Abbiamo la celebrazione, l’omaggio per un potere Assolutista, di un Re o di un Principe, che
influenza il destino degli altri personaggi e che hanno una funzione risolutiva alla conclusione del
Dramma, quindi la forza risolutiva finale avviene grazie, al contesto, all’ambiente stesso dei
personaggi e spesso avviene grazie a un momento di riconoscimento e generosità del Sovrano, la
vicenda del Dramma, solitamente in tre Atti, si sviluppa in modo da far convergere tutte le azioni
sulla catastrofe finale del terzo Atto, catastrofe che viene sfiorata per poi terminare con un lieto fine.
Con la costruzione equilibrata di questi libretti Metastasio permette l’alternarsi di sentimenti
differenti tra loro contrastanti, ne accentua al massimo la distinzione formale tra momenti recitativi
e quelli delle Arie, quindi le fasi dinamiche a cui si porta avanti l’azione sono affidate
esclusivamente ai recitativi mentre le Arie esprimono i principali stati d’animo in cui il personaggio
si trova a conclusione di un’azione portata avanti dal recitativo.
In questi libretti, il merito di Metastasio è quello di avere saputo creare un intreccio che si basa su
un piano molto equilibrato di queste situazioni affettive contrastanti e per far ciò, cioè raggiungere
una coerenza drammatica è necessario distribuire le arie solistiche che esprimono appunto gli affetti
e i sentimenti in modi estremamente calcolato.
Nell’opera seria di Metastasio abbiamo al massimo da 25 a 30 Arie, solo 1 o 2 duetti e in genere
solo un Tutti finale in cui appaiono tutti i personaggi che non sono mai più di 6 o 7 al massimo;
non troveremo mai 2 Arie successive uguali ma solo Arie di tipo contrastante.
Importante era anche il loro posizionamento di queste Arie all’interno degli Atti che doveva essere
funzionali al fenomeno del divismo dei cantanti, in genere si collocava in modo strategico l’Aria tra
le più gettonate alla fine di una scena prima dell’uscita del personaggio che la cantava che cosi
poteva uscire tra gli applausi del pubblico, raramente venivano inserite all’inizio della scena proprio
per questo motivo
Ogni aria aveva il compito di rappresentare un sentimento, un’immagine di tipo astratto che potesse
commuovere lo spettatore, per cercare di raffigurare queste immagini il compositore utilizzava un
corredo di figurazioni ritmiche e melodiche usato sia alla voce che agli strumenti, per esempio il
tremulo degli archi o con sincopi.
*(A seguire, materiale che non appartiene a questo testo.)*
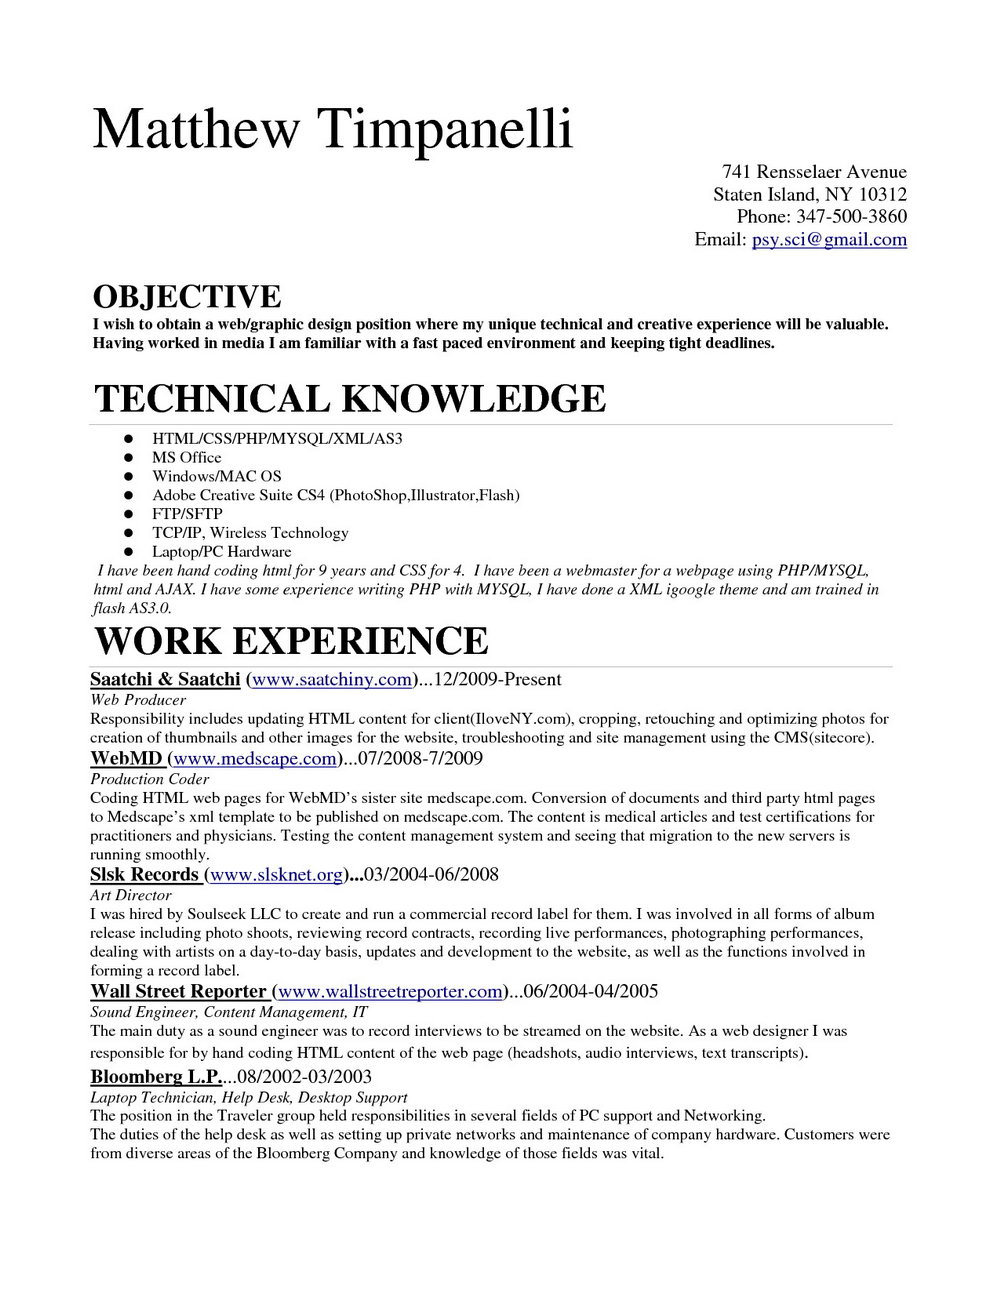 Sample Medical Resume Templates Templates 158305 Resume

Per un aria di guerra Trombe e timpani e ritmi puntati per la
caccia corni, per le Onde un flusso di semicrome per i Fulmini, scale discendenti e ascendenti
rapide ( come in Tancredi e Clorinda di Monteverdi ), molto ricche di questi Spunti sono le
cosidette “Arie di Similitudine” in qui il personaggio assorto nei suoi pensieri più intimi si esprime
per metafore e si paragona a qualche fenomeno della natura.
Tra queste Arie di Similitudine a partire dal 1720 hanno successo le “Arie di Tempesta”.
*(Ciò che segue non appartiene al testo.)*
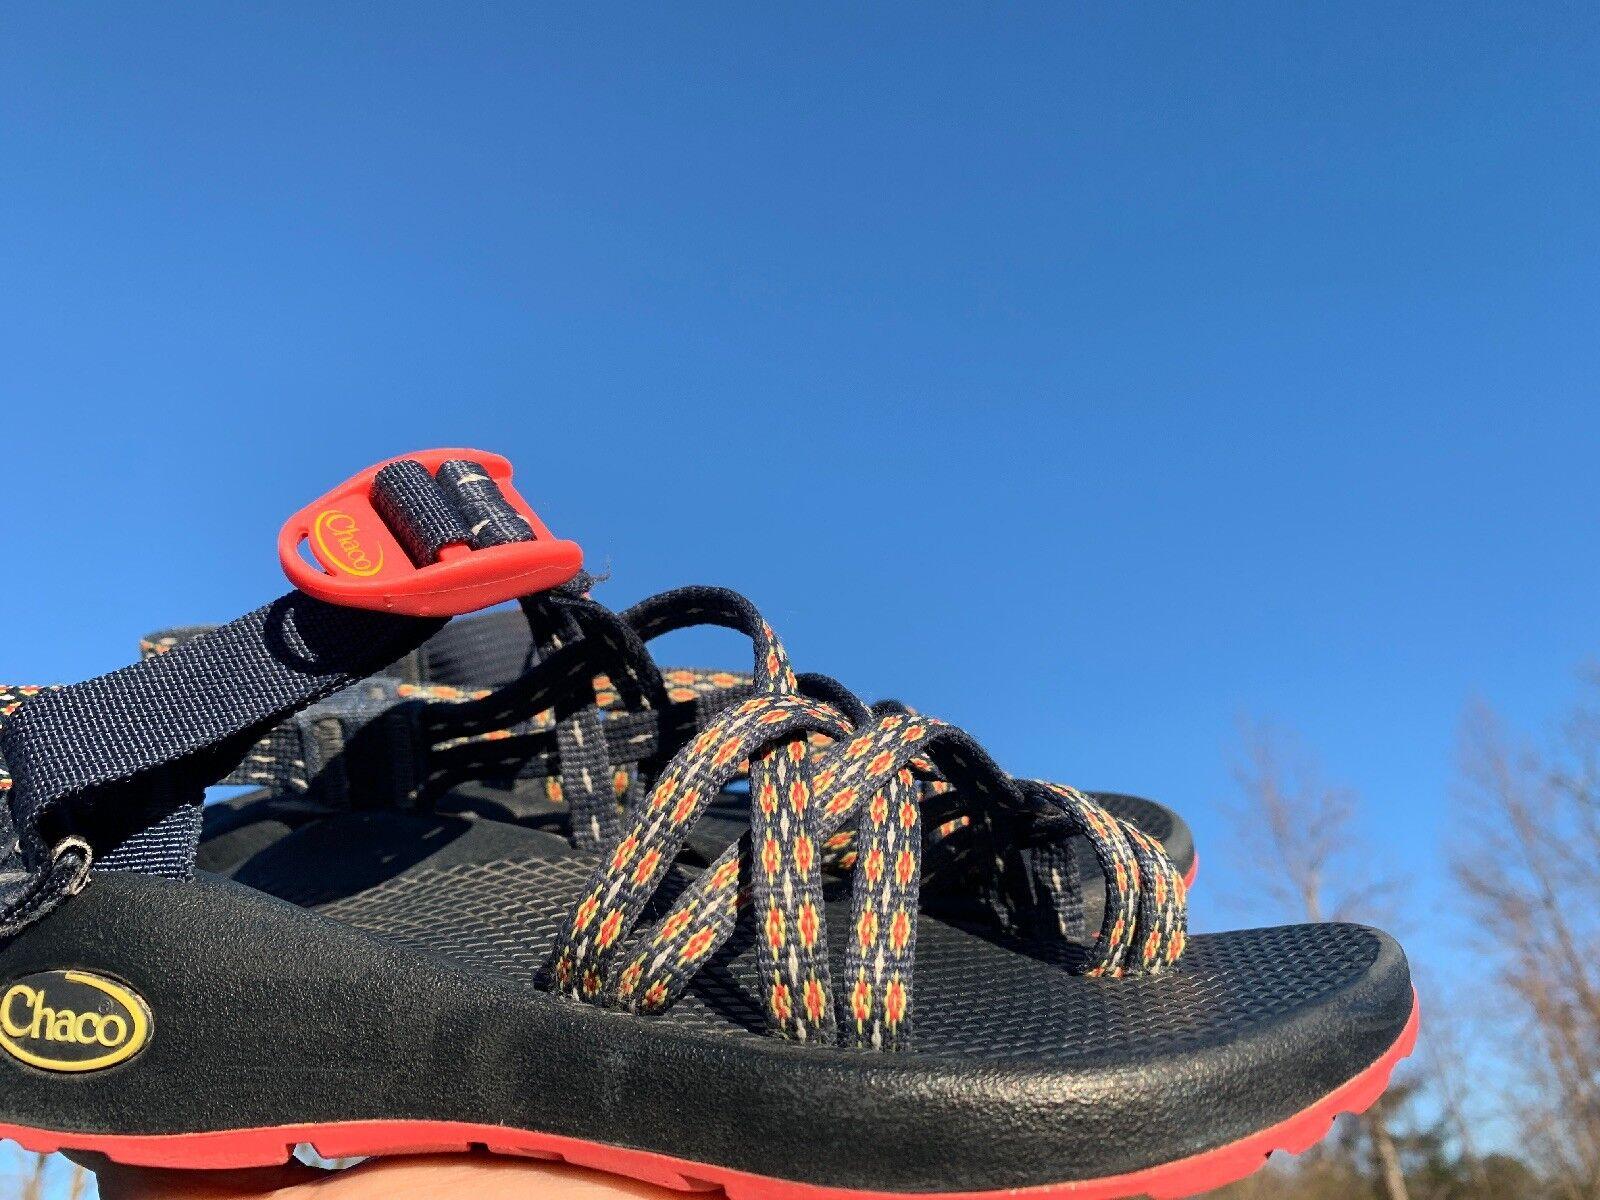 CHACO ZX 1 Classic Sport Criss Cross Straps Clog Clog Clog Sandals donna scarpe Sz 6 b10 b32943

Il centro del testo poetico di queste Arie è la comparazione metaforica della Tempesta, in genere
della tempesta marina con il tormento d’amore del personaggio, concetti di smarrimento,
indecisione, terrore ecc.; per quanto riguarda la componente musicale questo tipo di aria comprende
degli elementi che rende vivida la rappresentazione della Tempesta, con tempo mosso in 4 /4, con
tonalità maggiore, ritmi sincopati, linea vocale del cantante è altamente virtuosistica con profilo
ondeggiante che imita le onde con scale e arpeggi e salti melodici ecc.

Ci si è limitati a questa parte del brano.